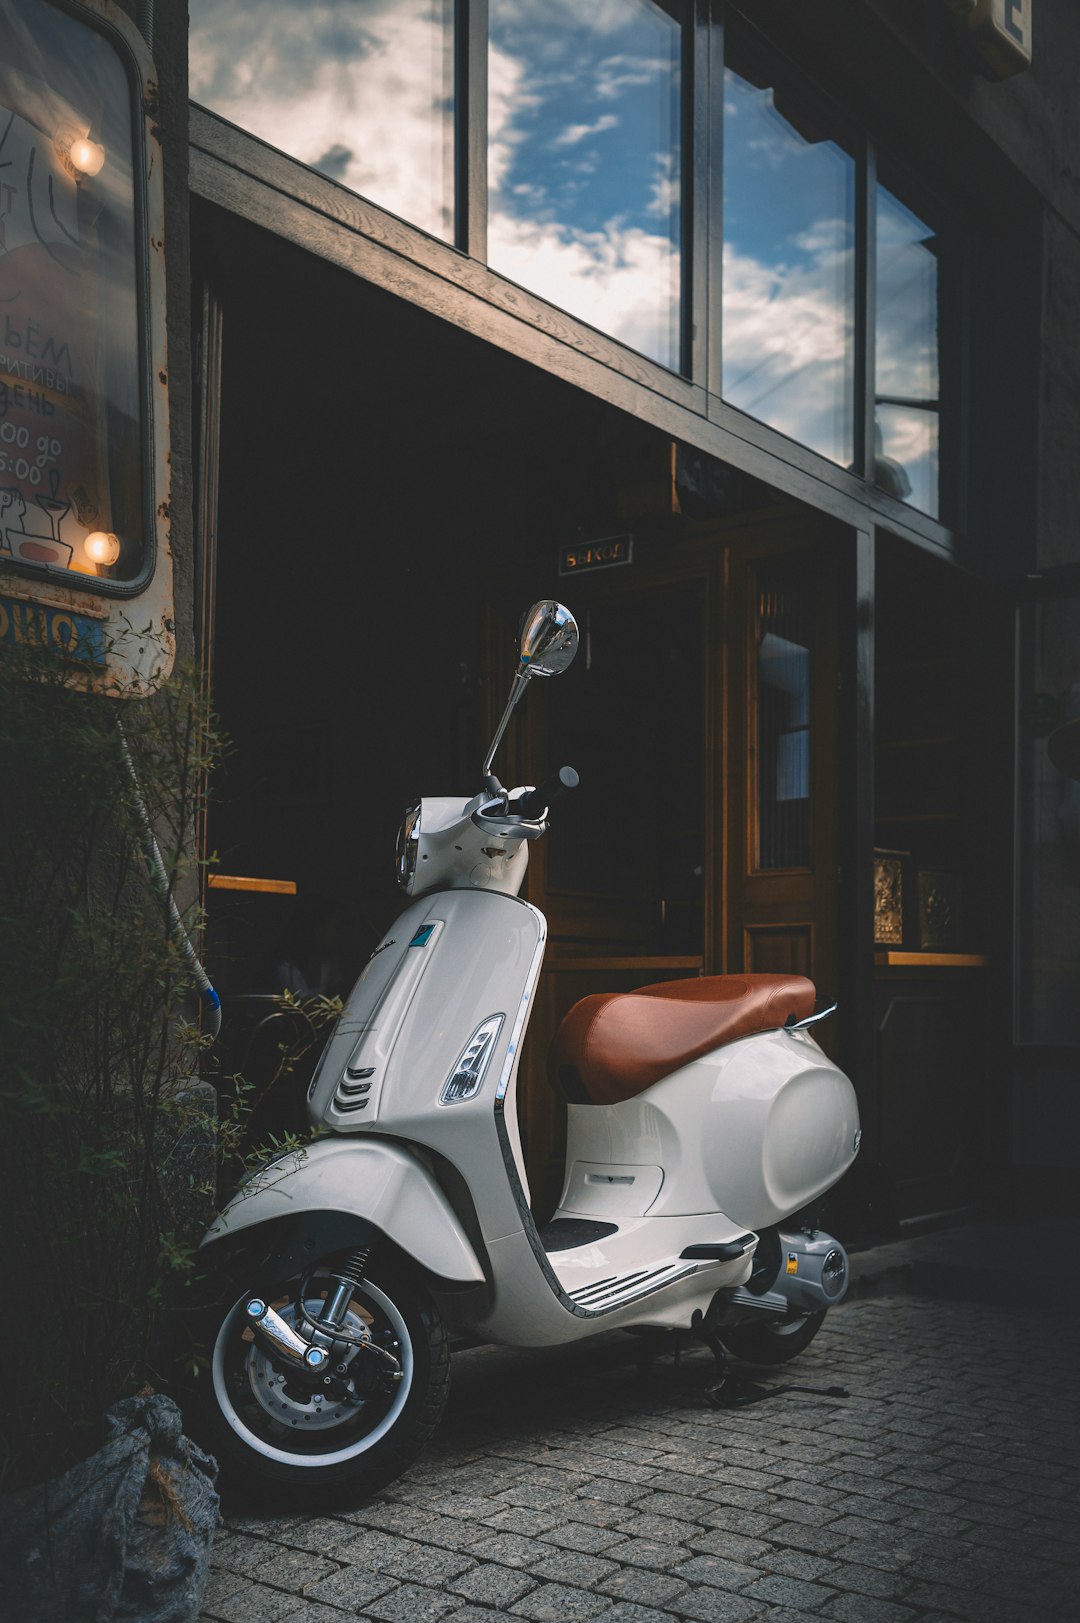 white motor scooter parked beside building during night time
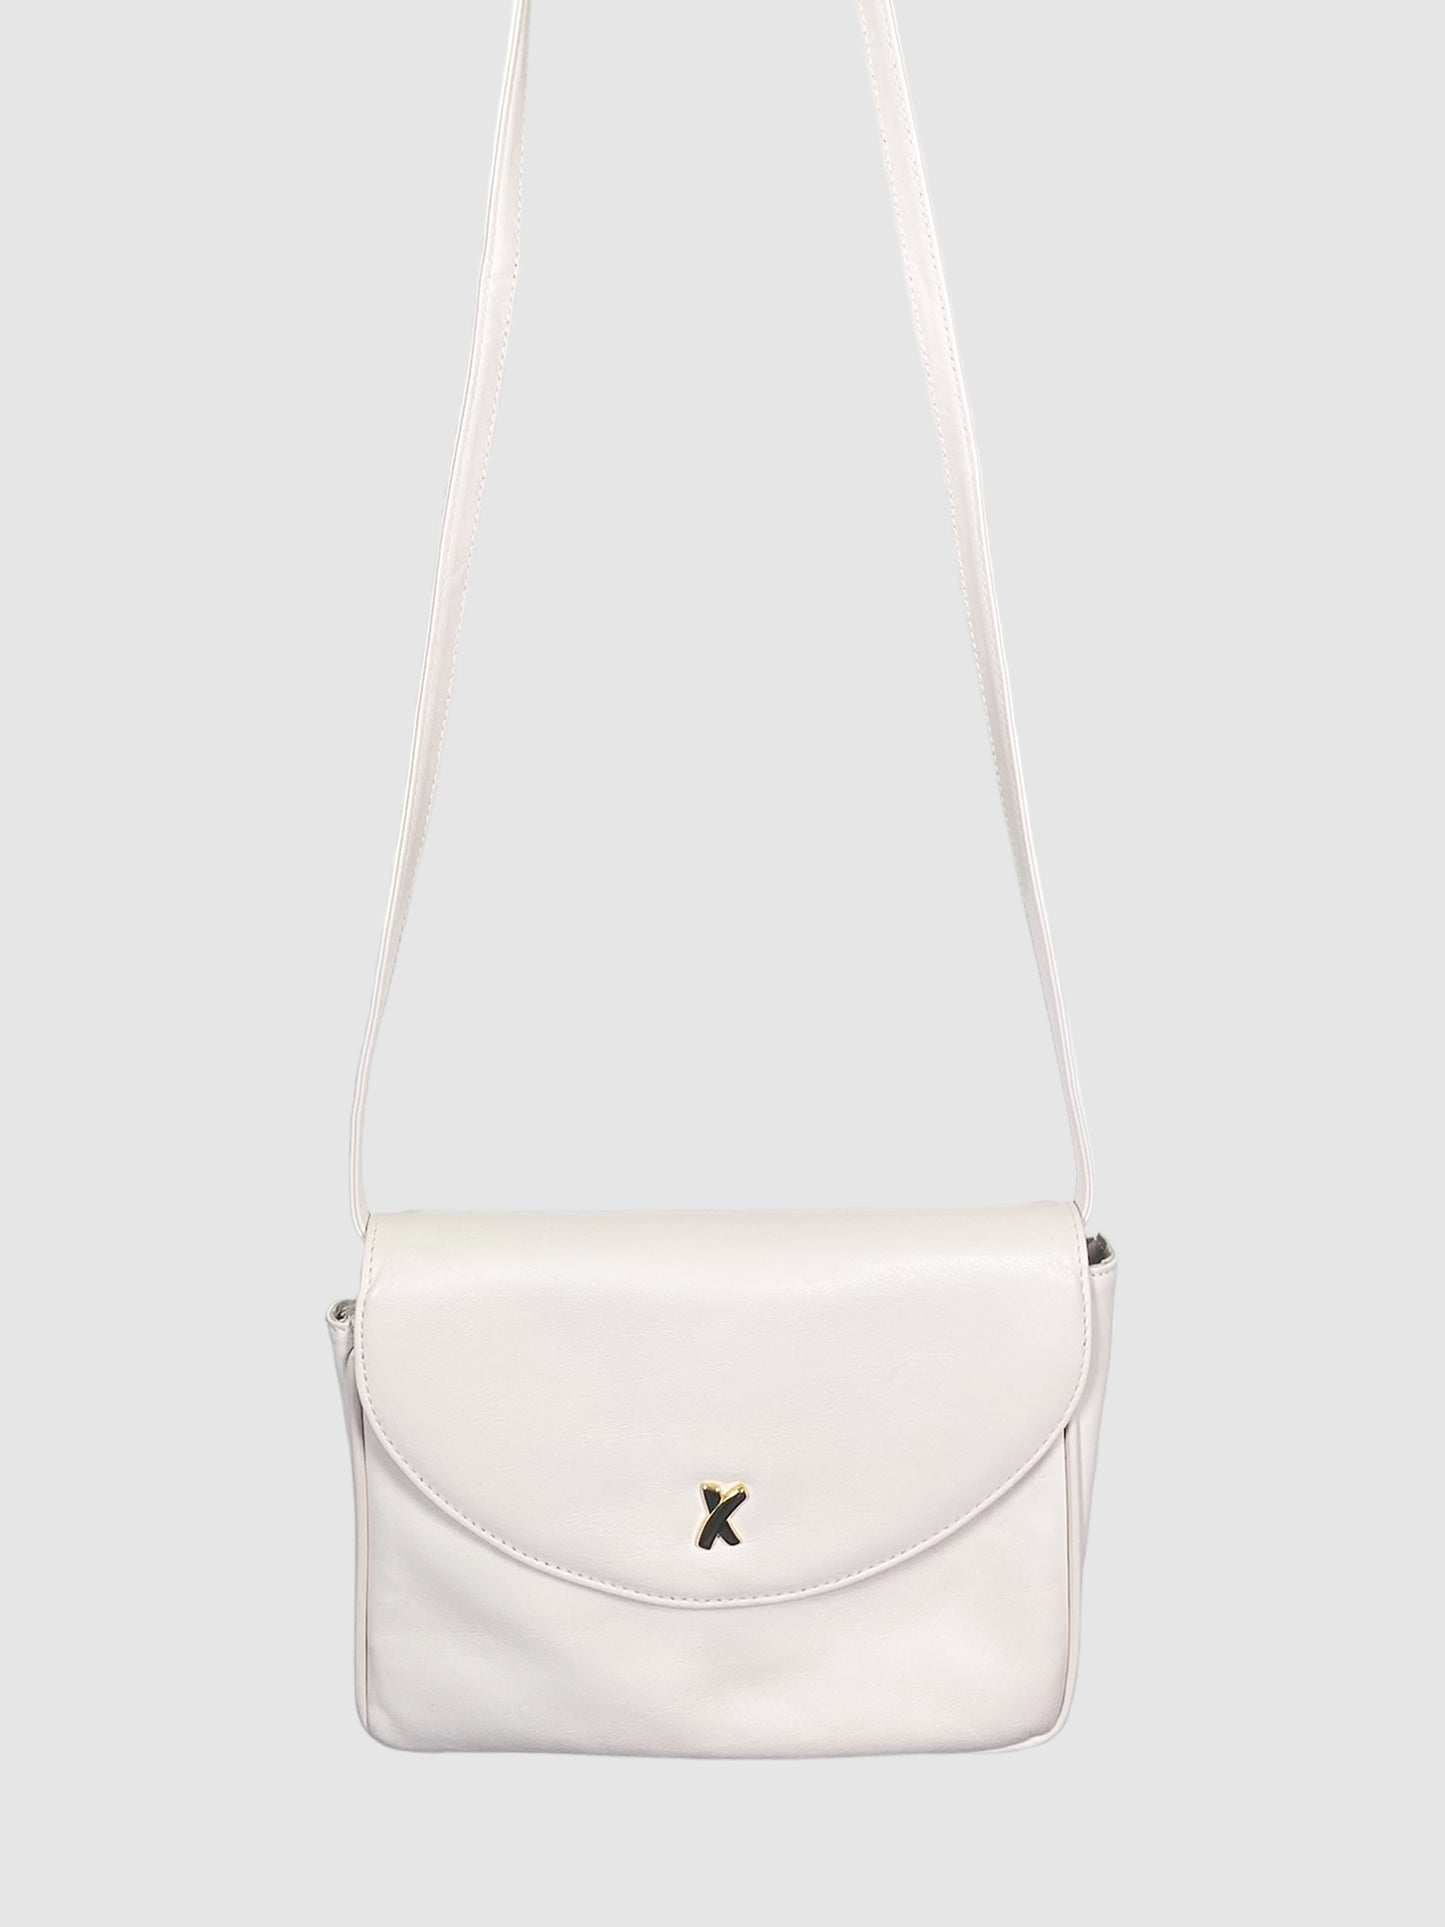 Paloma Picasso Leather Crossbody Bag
...
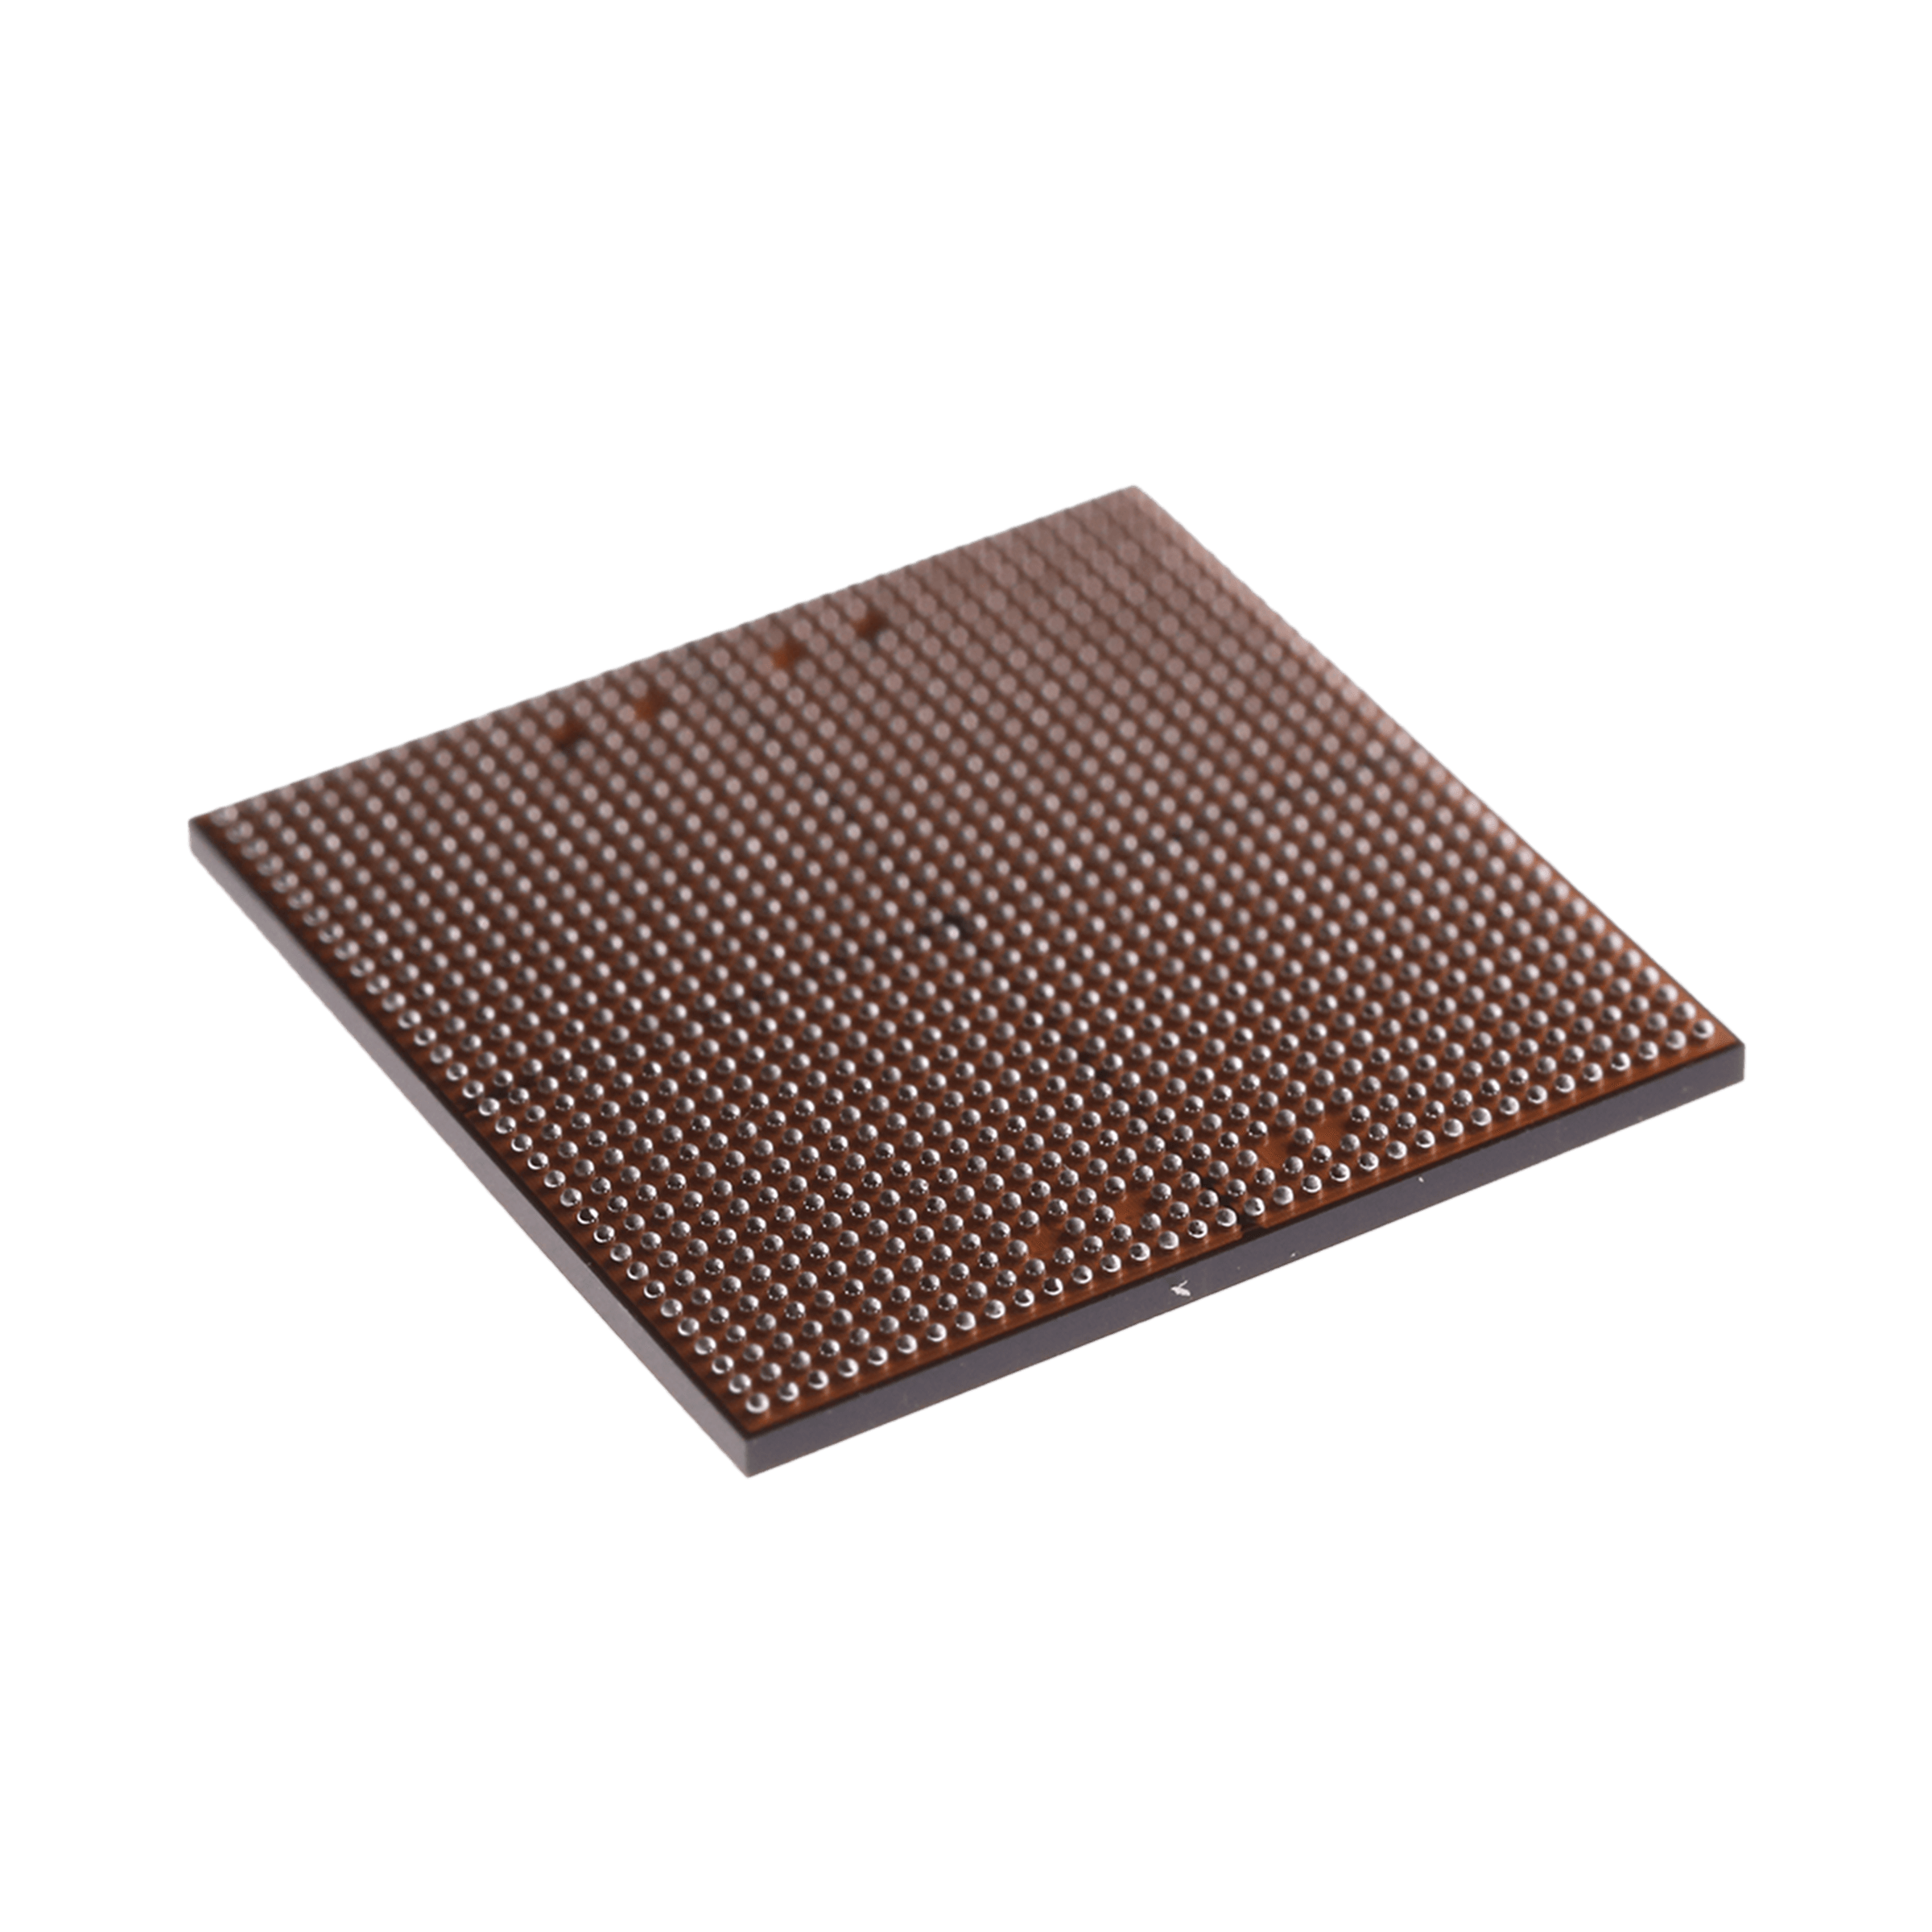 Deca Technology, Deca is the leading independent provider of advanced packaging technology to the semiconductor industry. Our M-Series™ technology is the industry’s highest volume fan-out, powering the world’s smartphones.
--
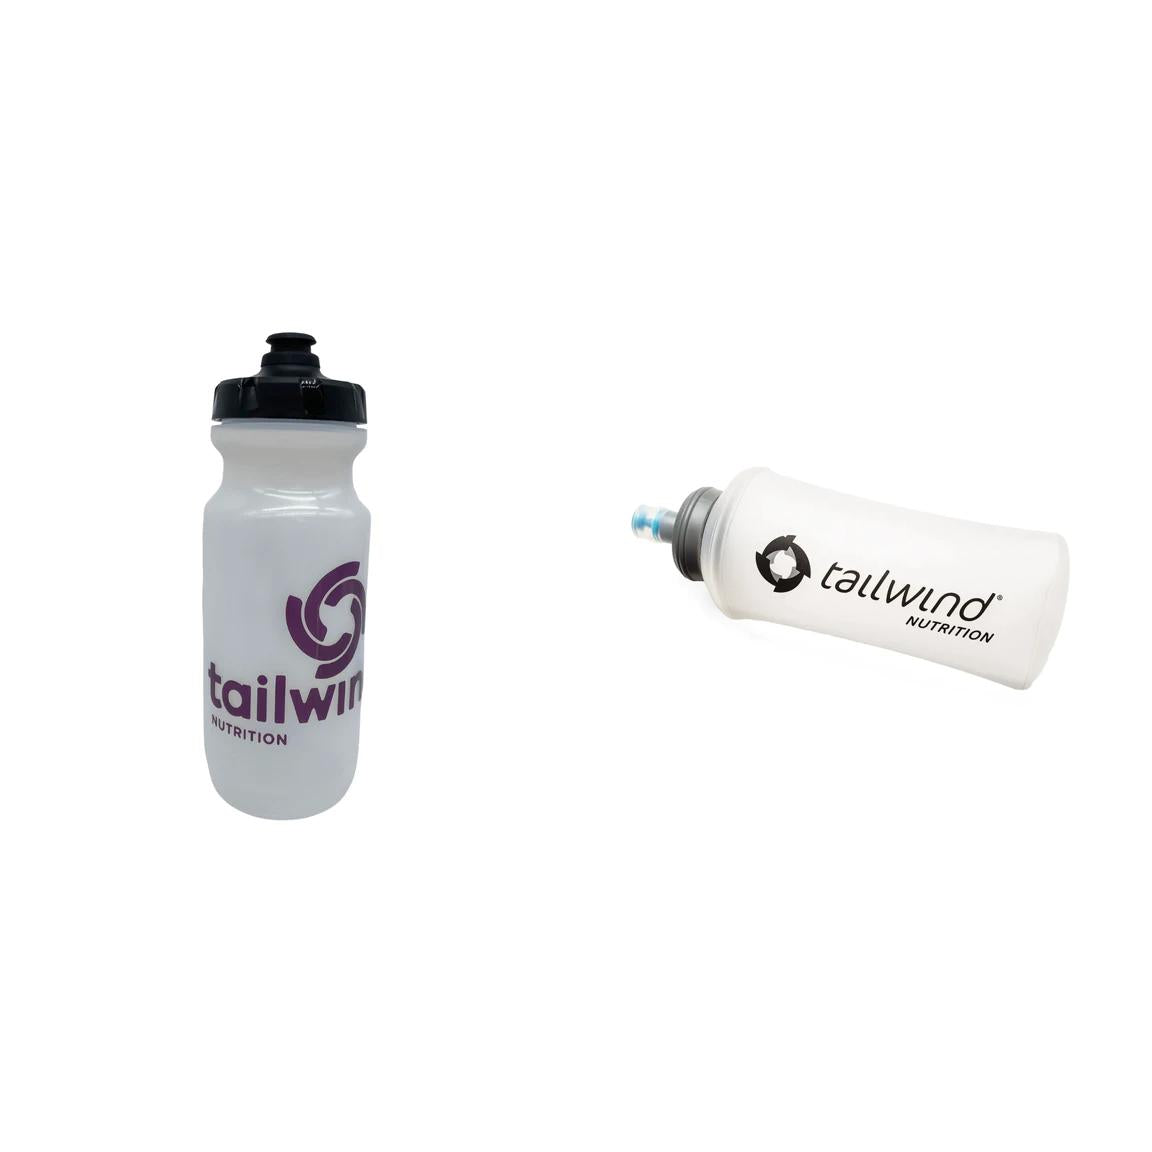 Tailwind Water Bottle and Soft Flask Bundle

### Assigned task
Starting at the line with "white motor scooter" and finishing at the line with "Paloma Picasso Leather Crossbody Bag", copy the material above exactly, both lines included. Nothing else goes in, and no pictures.

### Result
 white motor scooter parked beside building during night time
 Paloma Picasso Leather Crossbody Bag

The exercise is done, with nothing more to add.